Ralph Waldo Emerson’s friend, Henry David Thoreau, also advised: “Beware all enterprises that require new clothes.” When Emerson visited Thoreau who was in jail for refusing to pay his taxes in resistance to the Mexican War, Emerson asked: “Henry, what are you doing in there?” Thoreau replied, “Ralph, what are you doing out there?”

“Where Have All the Flowers Gone?” is the title of a Pete Seeger song. Though he was descended from old Dutch New York stock and educated at Avon Old Farms and Harvard and lived many years in Greenwich Village, I doubt he’d be pleased to have his words used to promote the purchase of new clothes when the world is burning up and New York is hazed from Oregon’s smoke 3000 miles away. Pete was an unrepentant communist (with a small “c”).

I’m not sure that you will publish this comment.

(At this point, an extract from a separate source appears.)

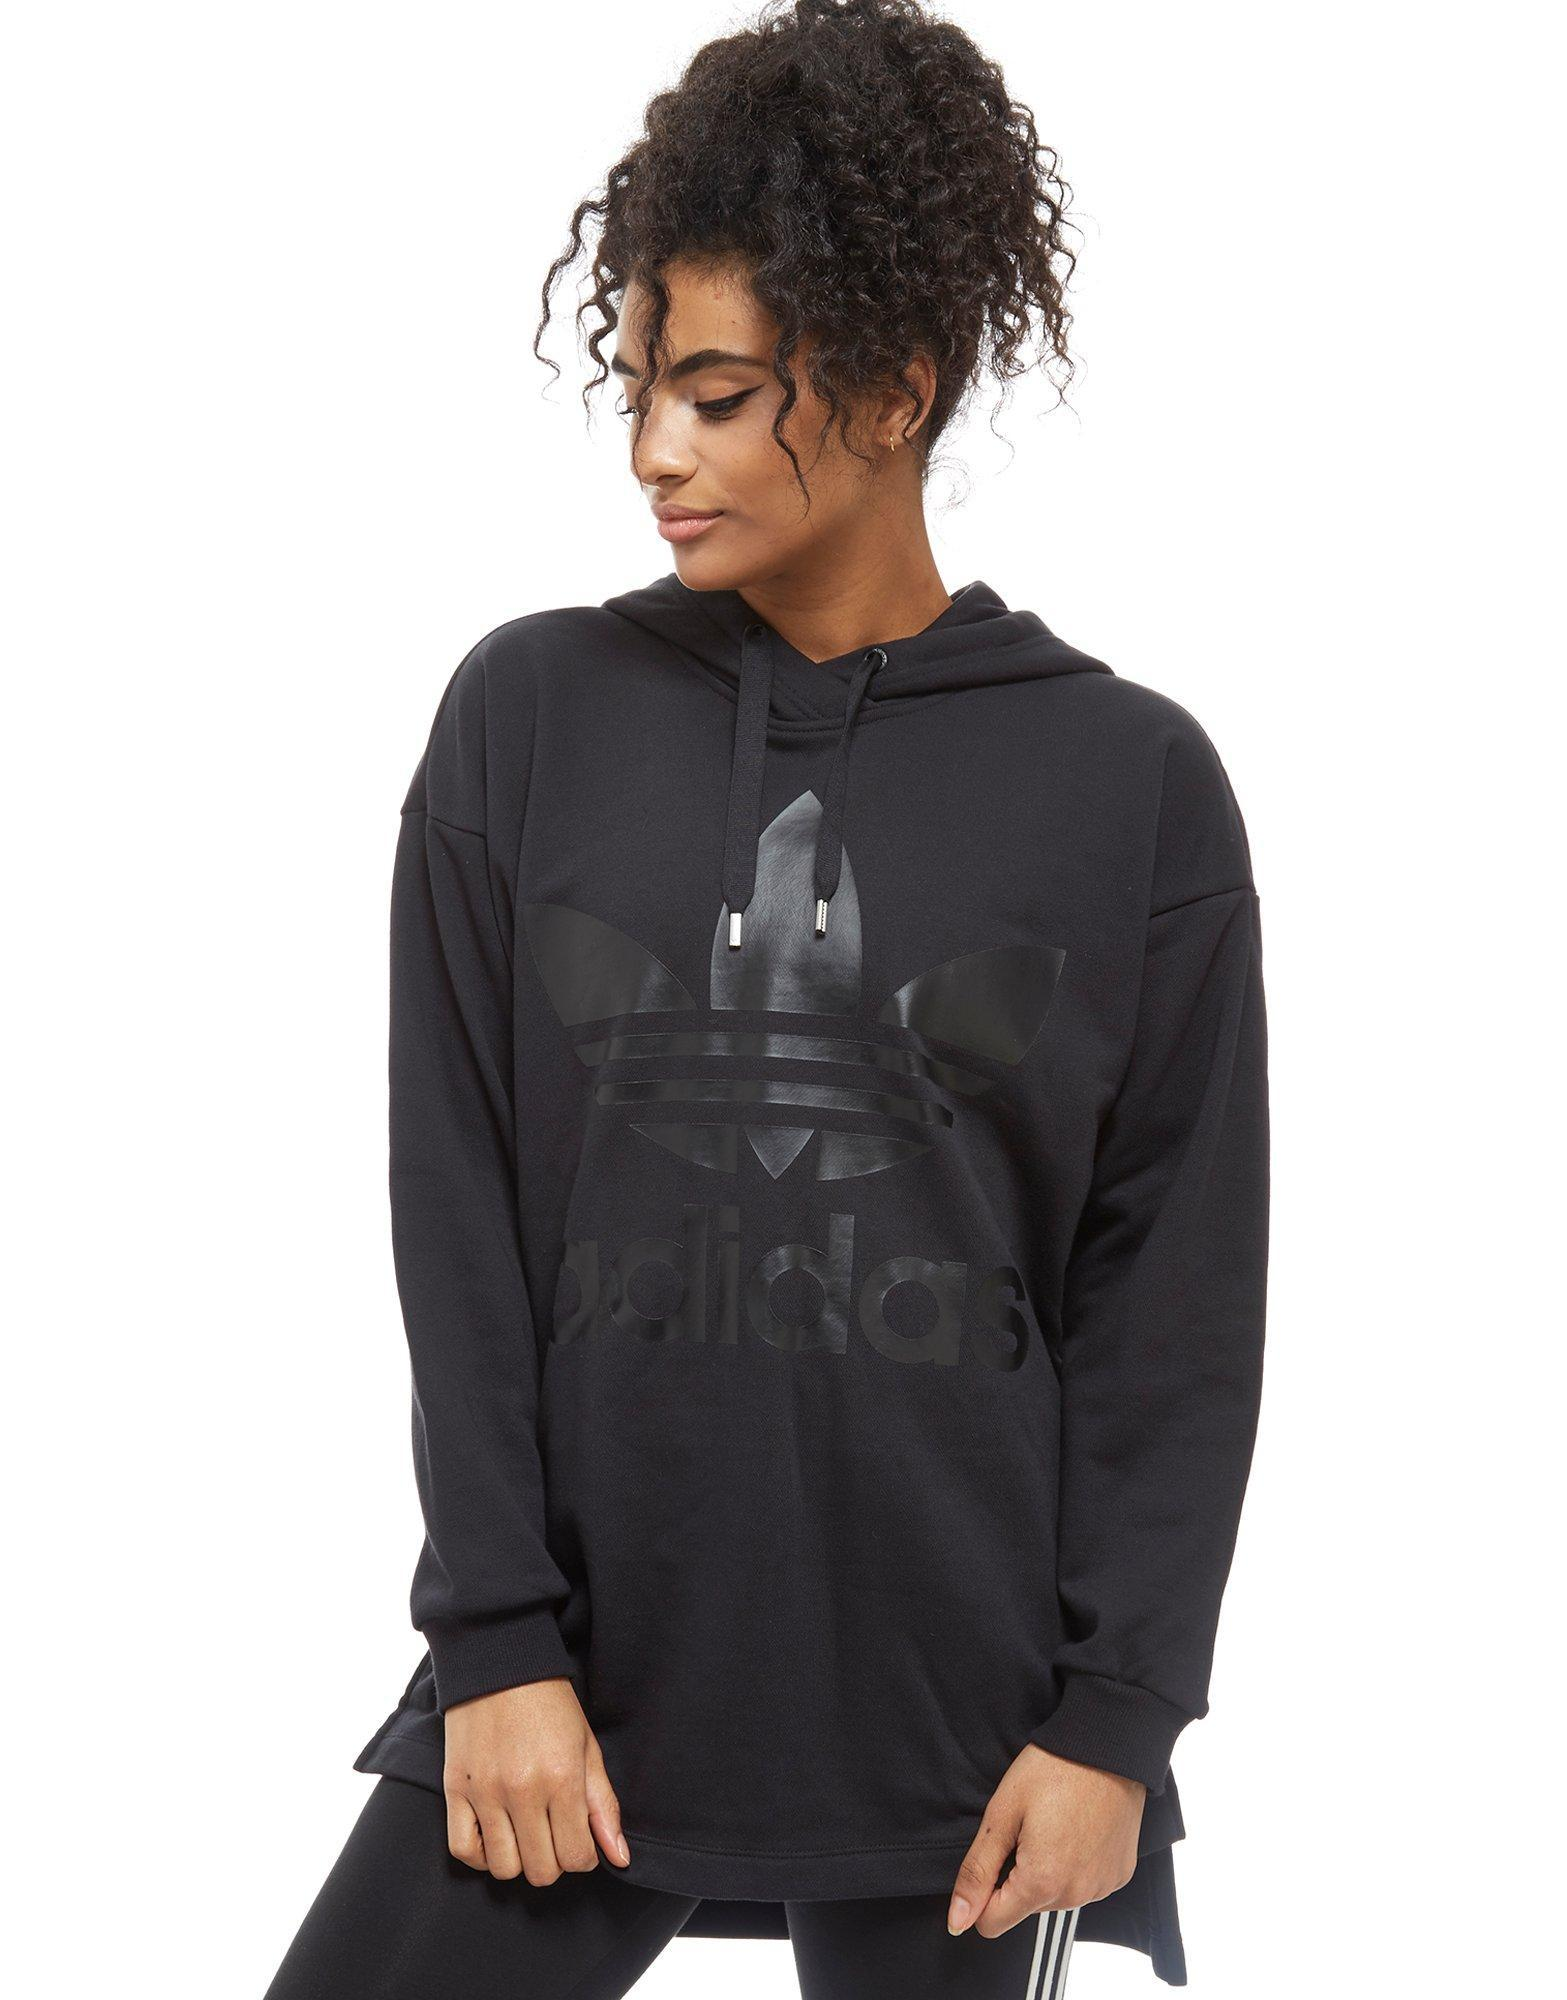 adidas Originals Trefoil Hoodie Dress in Black Lyst

I like your clothes, but there are things going on in this world that are more important. It’s nice to mention Arthur Ashe (an African-American), but if we really consider the messages in Princeton-man Scott Fitzgerald’s fiction, is he really telling us that buying clothes will save our souls? (Even if they have a club collar?)


I have Press items from the 60’s through the early ’90’s in rotation. I buy each year from Press & never fear quality or fashion trends- it’s timeless.
When it comes to traditional clothing, no one does it better than J. Press.


In author Frank Hazard’s story THE WINDSOR KNOT, a “fastidiously dressed” college student explains that “he was invigorated when he was well-groomed and ‘crisp’ and so he was enabled to fit resolutely into his own presence and the distinctive image of himself that he immanently cultivated.”
Also: there are too many “newsmen” on television who a wear a blue suit with brown shoes.